During a press briefing on Monday, Kerry said that Assad could avoid American air strikes by giving up all his chemical weapons within a week. Within hours, the State Department was forced to walk Kerry's new red line back with the claim that he was making a "rhetorical argument about the impossibility and unlikelihood of Assad turning over chemical weapons he has denied he used."
It seems, then, reasonable to conclude that Kerry spoke out of turn. Kerry was not authorized to offer Syria an "out" or a new ultimatum. But Kerry's hypothetical hyperbole appears to have already backfired.
In an obvious desire to make Kerry pay for his flub and throw a wrench in Obama's determination to go to war with Syria, Putin has seized upon Kerry's hypothetical and called on Syria to accept Kerry's offer and turn over all of its chemical weapons. No one believes Assad would ever willingly give up his chemical weapons, but should he agree to an offer the Obama administration did not mean to make, it could stall American action for weeks and even months.

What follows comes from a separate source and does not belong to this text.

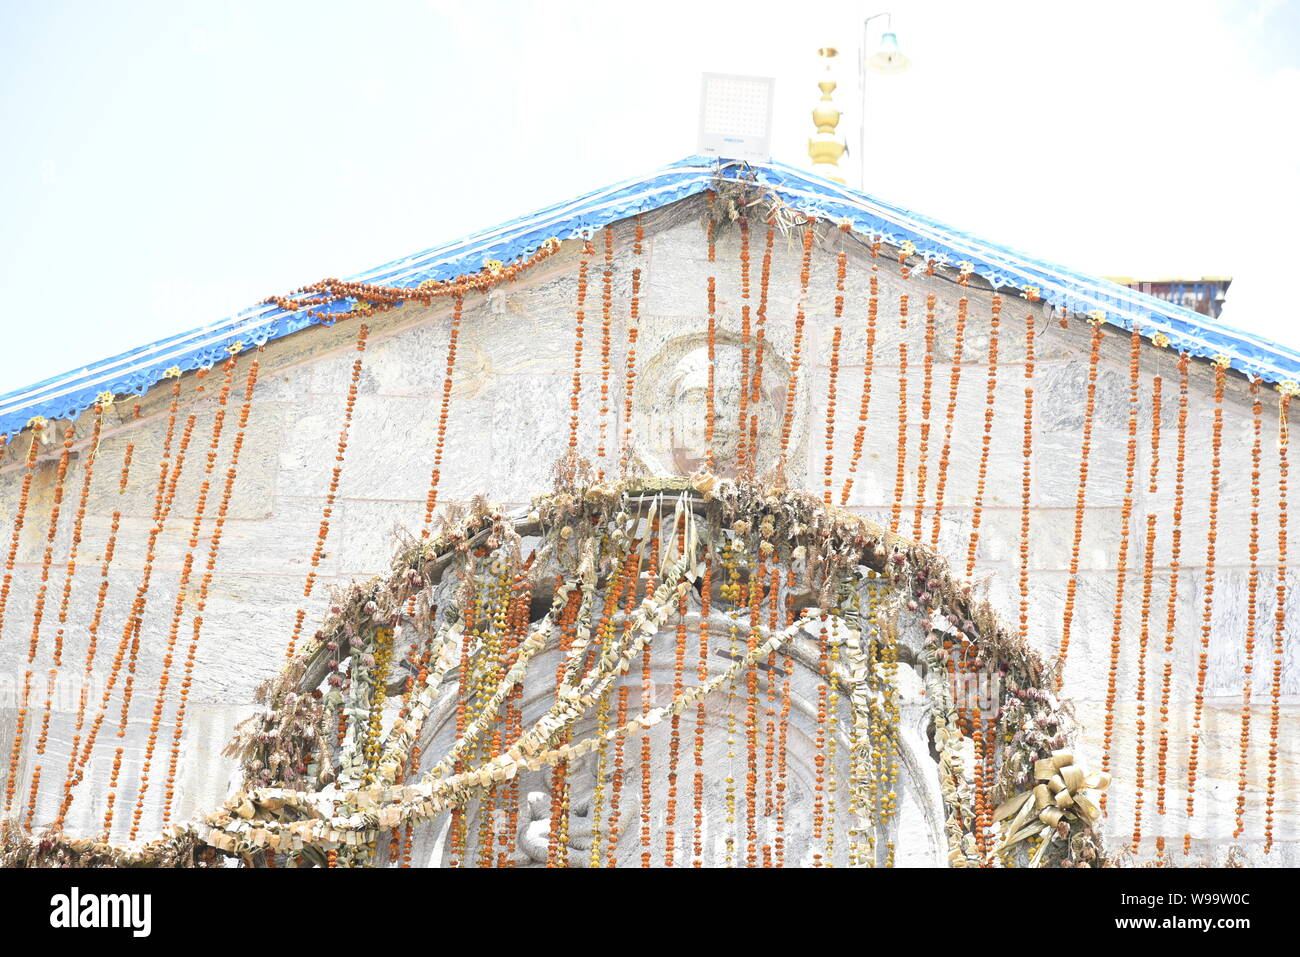 Santo tempio indù del Signore Shri Kedarnath Shankar Bholenath tempio 2019 vista in Chamoli/Rudraprayag Distretto , Uttrakhand , India , Asia Foto Stock

Syria is already warming to the idea.
This complication could be a major blow to all of the Obama administration's prepared plans to punish Assad for using the weapons and to change the balance of power in the ongoing Syrian civil war.  Public opposition to Obama's war is already surging. Weeks or months from now, after the torturous international diplomatic process that no one believes would end with Assad giving up the chemical weapons that keep him in power winds down, it is doubtful Congress or the American public would be ready to stomach a renewed push for war.
But now that Putin has suggested Syria say "yes" to an offer Kerry was sure no one would accept, the Associated Press is reporting that the State Department will take a "hard look" at Russia's proposal.
Just like Obama's unscripted "red line" comment that started this debacle, it looks as though another off-teleprompter administration blunder has shoved America's foreign policy into a corner.